A setback for the employment outlook saw US stocks open deep in the red before a partial recovery as traders bought the dip. By the close, the S&P 500 cut a loss of more than 1 per cent to 17 points or 0.44 per cent. The Dow Jones Industrial Average shed 119 points or 0.38 per cent. The Nasdaq Composite gave up 100 points or 0.72 per cent after being down more than 1.5 per cent.

First-time claims for unemployment benefits unexpectedly rose to 861,000 last week. The tally was the highest in a month and well above the Wall Street consensus of 773,000.

“The one part of the economy that has remained disappointing is clearly the employment picture,” Ryan Detrick, chief market strategist at LPL Financial, told Reuters.

Also weighing on sentiment was a downbeat forecast from Walmart. Shares in the Dow component company sagged 6.5 per cent after earnings fell short of expectations. The retail giant warned it expected sales to decline as a pandemic boost wears off.

Highly-leveraged tech stocks continued a week-long retreat amid concerns about rising borrowing costs. Bond yields in the US and Australia rose to their highest level in at least 11 months this week. Facebook dropped 1.5 per cent as investors mulled its decision to block news content in Australia.

“Stocks are sliding across the board with high-multiple growth names getting hit the hardest thanks to the unrelenting rise in yields,” Adam Crisafulli, founder of Vital Knowledge, wrote. “Earnings were underwhelming too, with Walmart’s EPS [earnings per share] miss and big spending guidance unnerving investors.”

Australian outlook

A week that began well and brought up a 50-week high on Wednesday looks set to sour a little as Wall Street continues to struggle with inflationary pressures. The ASX has handled the turbulence fairly well, with investors focused on the interim earnings season. The S&P/ASX 200 has put on almost 280 points since the start of the month. The index finished dead flat yesterday and would have to lose an improbable 80 points this session to turn negative for the week.   

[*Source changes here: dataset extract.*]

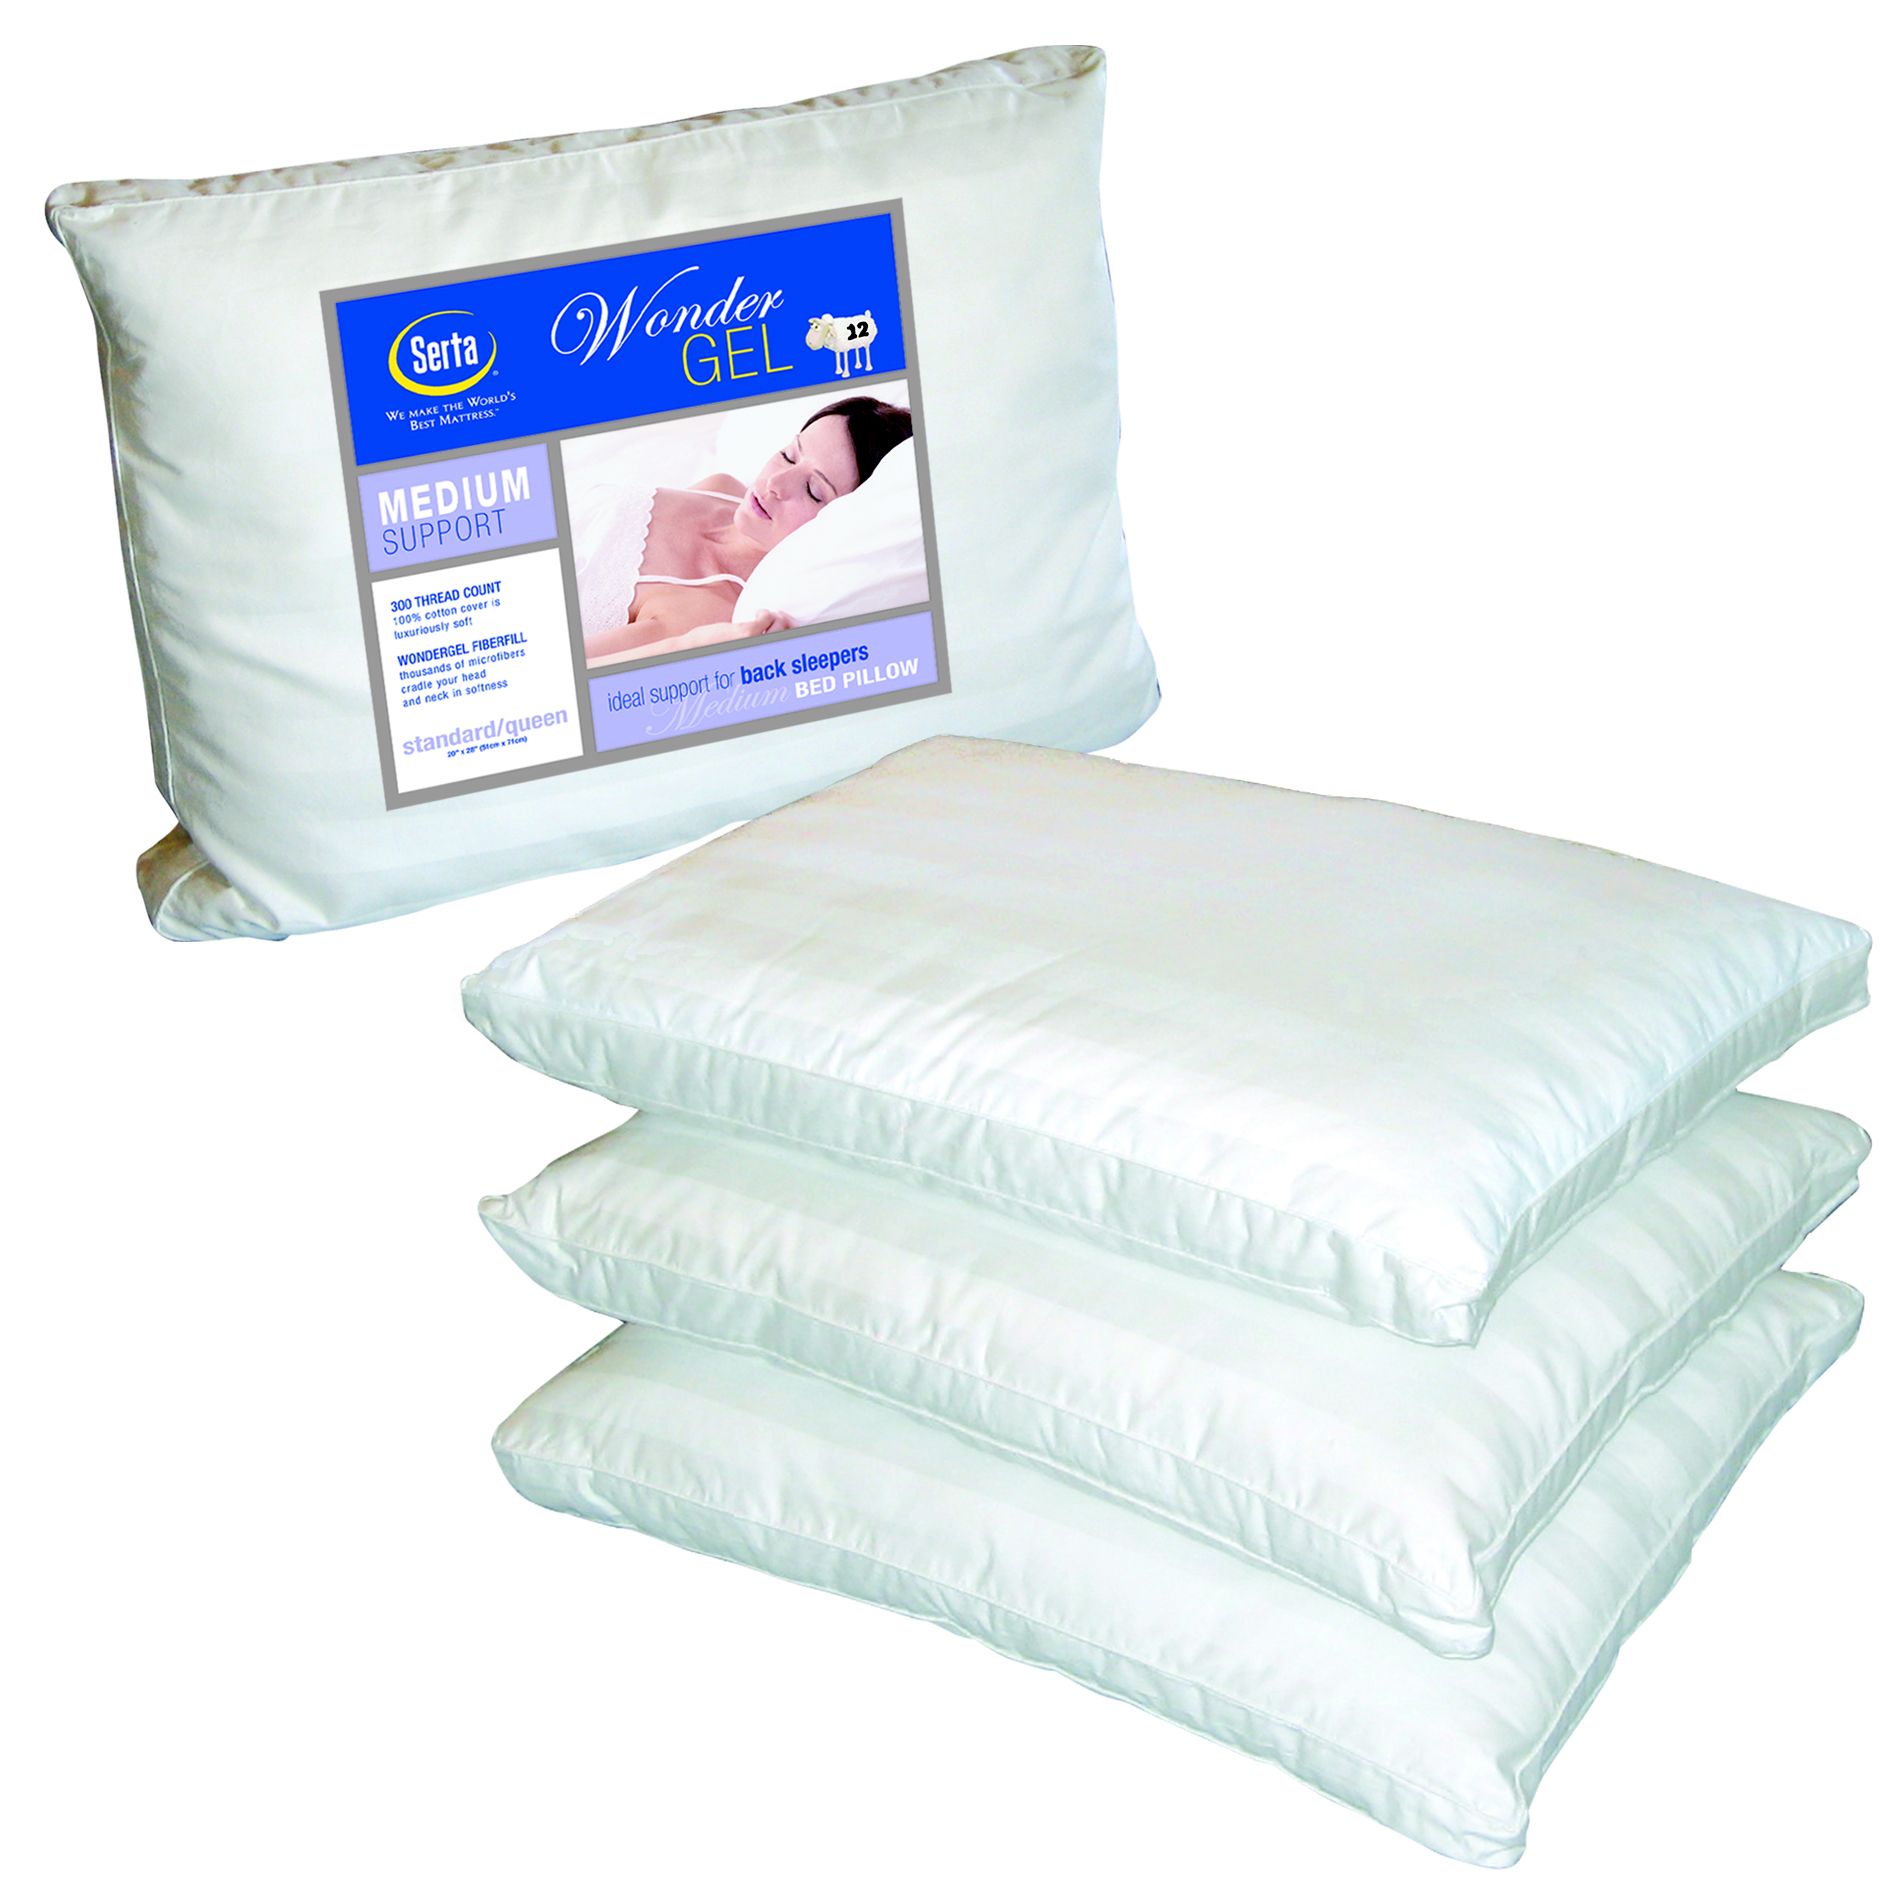 Serta Standard Gel Pillow - Medium

Strength in iron ore and copper ought to underpin our miners today, but US action underwhelmed. The US materials sector sank 0.6 per cent. Volatile energy stocks slumped 2.3 per cent as oil retreated from 13-month highs. Financials dipped 0.5 per cent. Defensive utilities was the best of the sectors, adding more than 0.5 per cent.

Earnings season hit a peak yesterday, but there are plenty of big names scheduled to report before the month is out. Today brings updates Goodman Group, Cochlear, QBE, Cleanaway Waste, Inghams and Lovisa, as well as a few dozen smaller firms.

The December retail sales report is due at 11.30 am AEDT. Flash measures of manufacturing and services activity are also scheduled today.   

The dollar edged up 0.15 per cent to 77.69 US cents.

Commodities

Iron ore soared as Chinese steelmakers restocked after the week-long Lunar New Year holiday. The spot price for ore landed in China jumped $5.50 or 3.3 per cent to US$174.45 a tonne, the highest price since December.

Copper settled at a new nine-year high amid demand expectations as economies reopen. Copper climbed 2.1 per cent to US$3.901 a pound in the US.

BHP and Rio Tinto hit record levels earlier this week and were mixed in overnight action. BHP’s US-listed stock inched up 0.16 per cent afer its UK-listed stock fell 0.42 per cent. Rio Tinto gained 0.58 per cent in the US and traded unchanged in the UK.

Gold broke a four-session losing run in unconvincing fashion. Metal for April delivery settled $2.20 or 0.1 per cent higher at US$1,775 an ounce. On Wednesday, the yellow metal hit its lowest level since June.

“There are just much more attractive assets at this point,” James Hatzigiannis, chief market strategist at Ploutus Capital Advisors, told MarketWatch. “Really, the only way for gold to break through that US$1,800 psychological level is for yields to calm down and actual hard confirmations that the pandemic is entering its final leg.” 

Oil retreated following reports Saudi Arabia will look to increase production now prices have recovered. Brent crude settled 41 cents or 0.6 per cent lower at US$63.93 a barrel. The Wall Street Journal reported the Saudis intend to reverse unilateral production curbs that have supported the rally in crude.